1.3. Content Overview
-
Python essentials; numerical thinking and error analysis.
-
Vectors, norms, linear maps; eigenvalues, SVD, and low-rank structure.
-
Differentiation, chain rule, and optimization landscapes.
-
Probability, statistical learning basics, and linear models end-to-end.
-
Stochastic optimization, spectral methods, autodiff, and modern ML motifs.
The example chapter below demonstrates the book’s narrative style and how code and math reinforce each other.
2. Why Math With Code (and Code With Math)

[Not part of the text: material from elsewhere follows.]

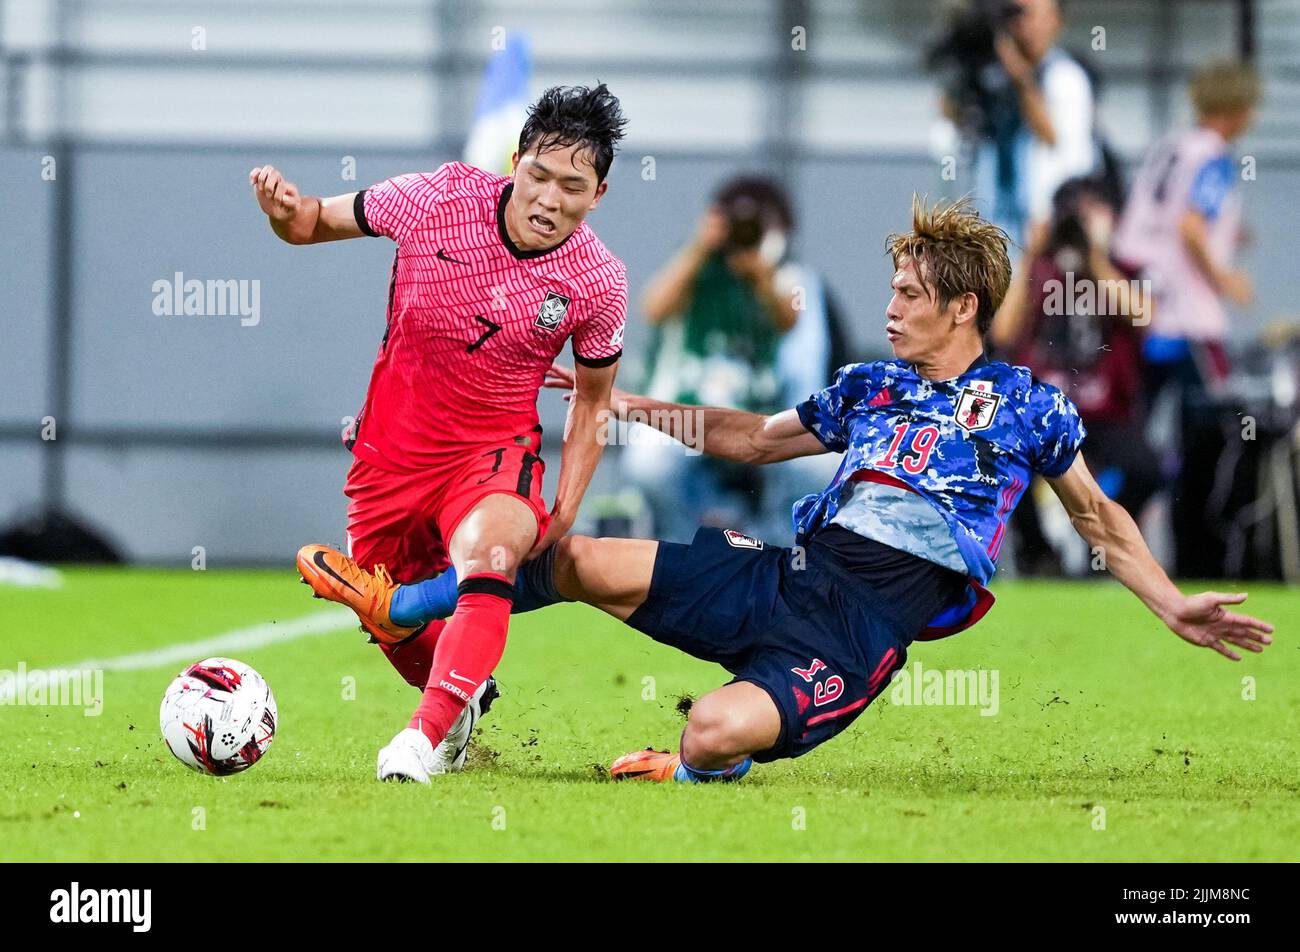 Toyota, Japan. 27th July, 2022. Sasaki Sho (R) of Japan vies with Na Sang Ho of South Korea during a 2022 EAFF (East Asian Football Federation) E-1 Football Championship men's match in Toyota, Japan, July 27, 2022. Credit: Zhang Xiaoyu/Xinhua/Alamy Live News Stock Photo
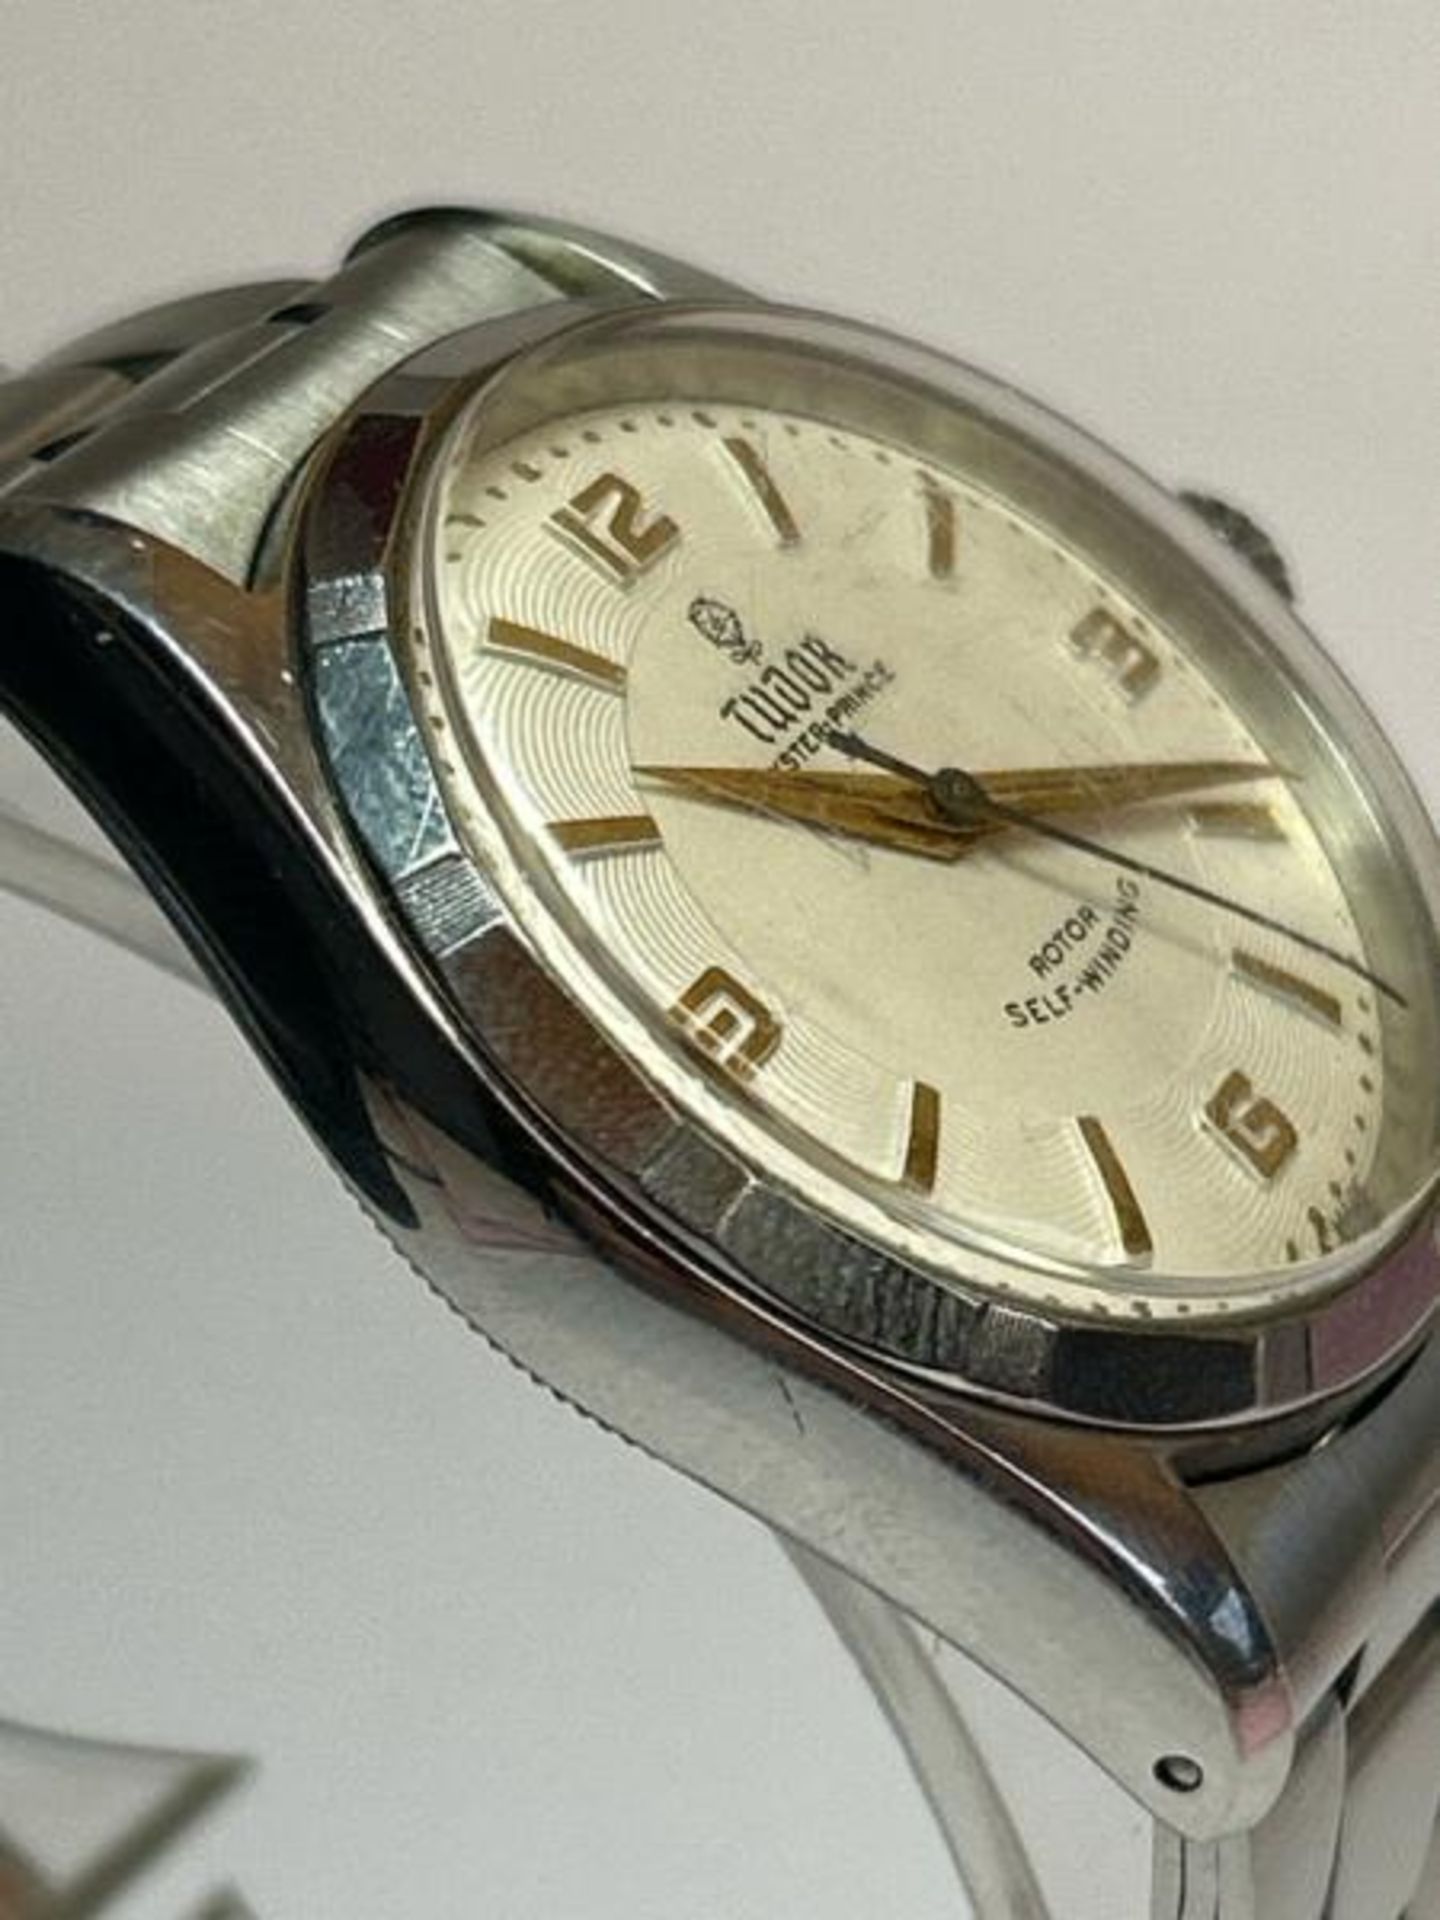 Tudor Oyster-Prince stainless steel perpetual gents watch no. 7909 152986, good condition with suede - Image 3 of 6

We learn math faster, deeper, and more honestly when every idea is paired with a small experiment that can try to break it.
-
Why couple every concept to a runnable check
-
Reproducibility: seeds, assertions, and invariants
-
Vectorization over loops; shapes as first‑class citizens
-
Set up tiny numerical experiments to verify a claim
-
Use seeds and sanity checks for reproducibility
-
Translate a statement into code and back into math
2.1. Concept & Intuition
We will use a simple “Math ↔ Code” loop: state a claim, test it with a minimal experiment, and then adjust our intuition based on what actually happens.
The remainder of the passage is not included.